WHERE DOES THE PYTHAGOREAN IDENTITY SIN2 Θ + COS2 Θ = 1 COME FROM? HOW WOULD YOU USE IT TO FIND THE SINE COSINE AND TANGENT VALUES OF THE ANGLE?

Answer 1

Imagine a trigonometric circle with radius equal to 1.

We can say that the opposite side of the angle generated by the origin is equal to sen Ф and the adjacent equal to cos Ф

With this we can say that:

h² = c² + c²

If r = 1, then h = 1

1² = cos² + sen²

1 = cos² Ф + sen² Ф

You can use this equation a lot of times because it's the fundamental trigonometric relation
, so, when you something like:

sen Ф = cos Ф + 1

you can take from sen² Ф + cos² Ф = 1 that $sen = \sqrt{1 - cos^2}$ and then resolve.

Answer 2

Suppose we have a right- angled triangle with theta has one of the angles ( not 90 degrees) and hypotenuse c , opposite side a and adjacent side b.

then sin α = a/c giving a = c sin α .............(1)

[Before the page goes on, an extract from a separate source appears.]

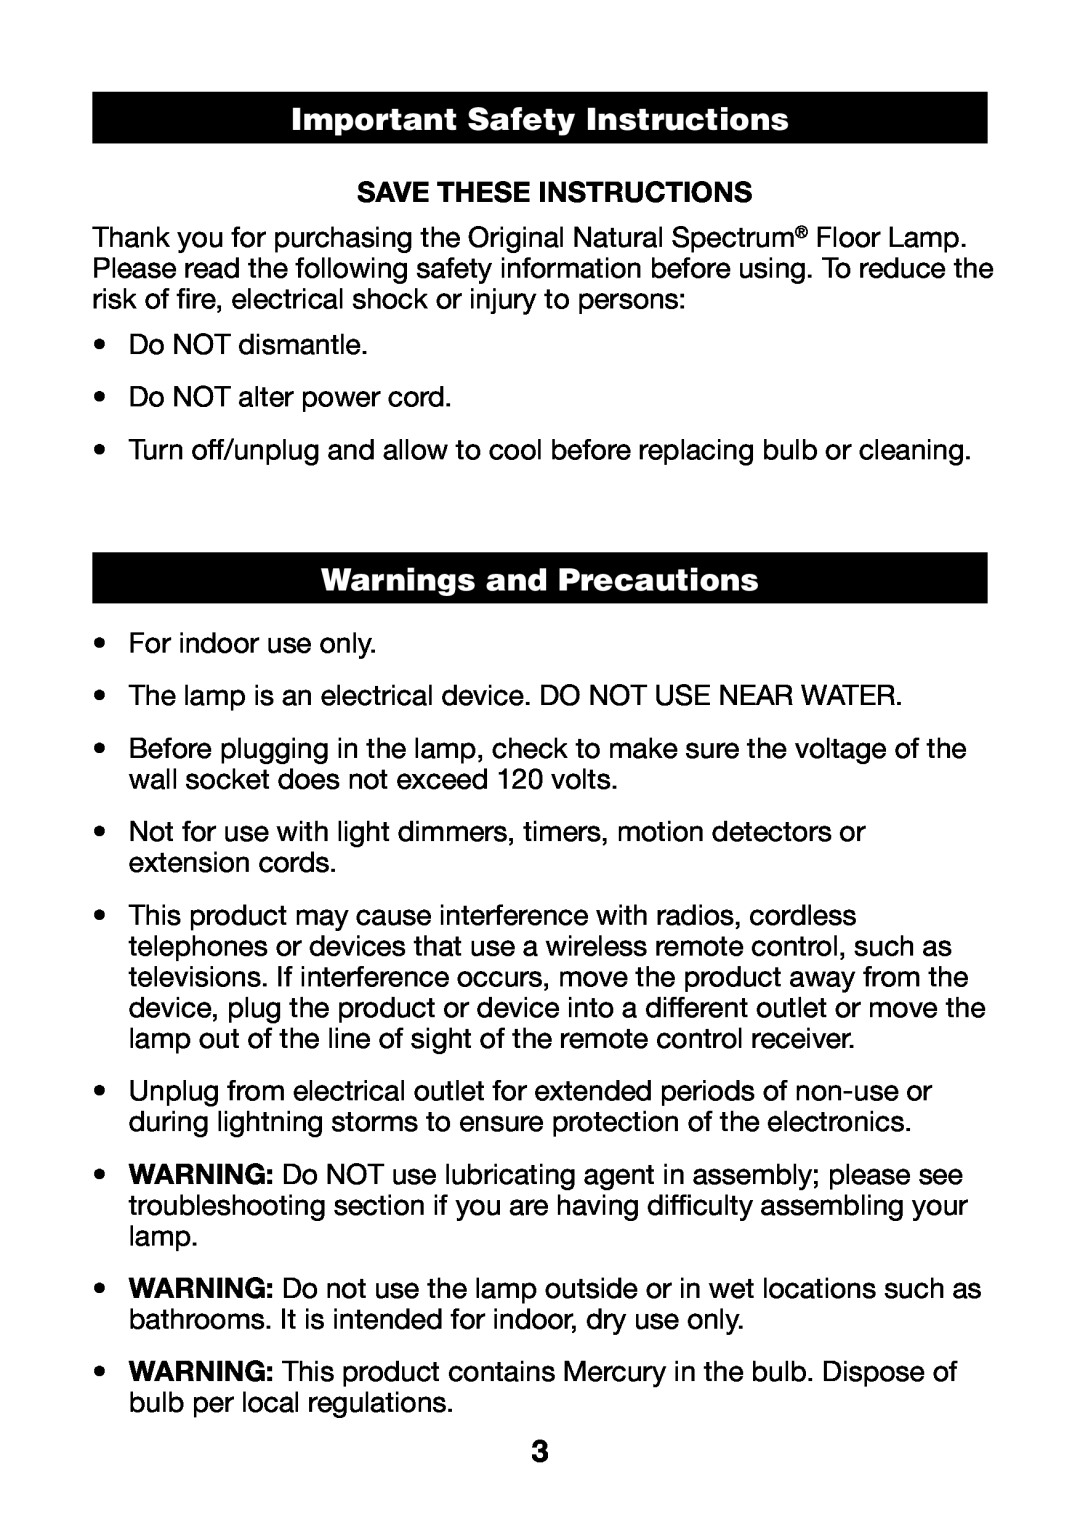 Verilux VF02 manual Important Safety Instructions, Warnings and Precautions, Save These Instructions

and cos α = b/c giving b = c cos α...............(2)

by Pythagoras theorem:-

a^2 + b^2 = c^2 and from equations (1) and (2):-

a^2 + b^2 = c^2 sin^2 α + c^2 cos^2 α

a^2 + b^2 = c^2 ( sin^2 α + cos^2 α)

Comparing this equation with the Pythagoras equation sin^2 α + cos^2 α must equal 1.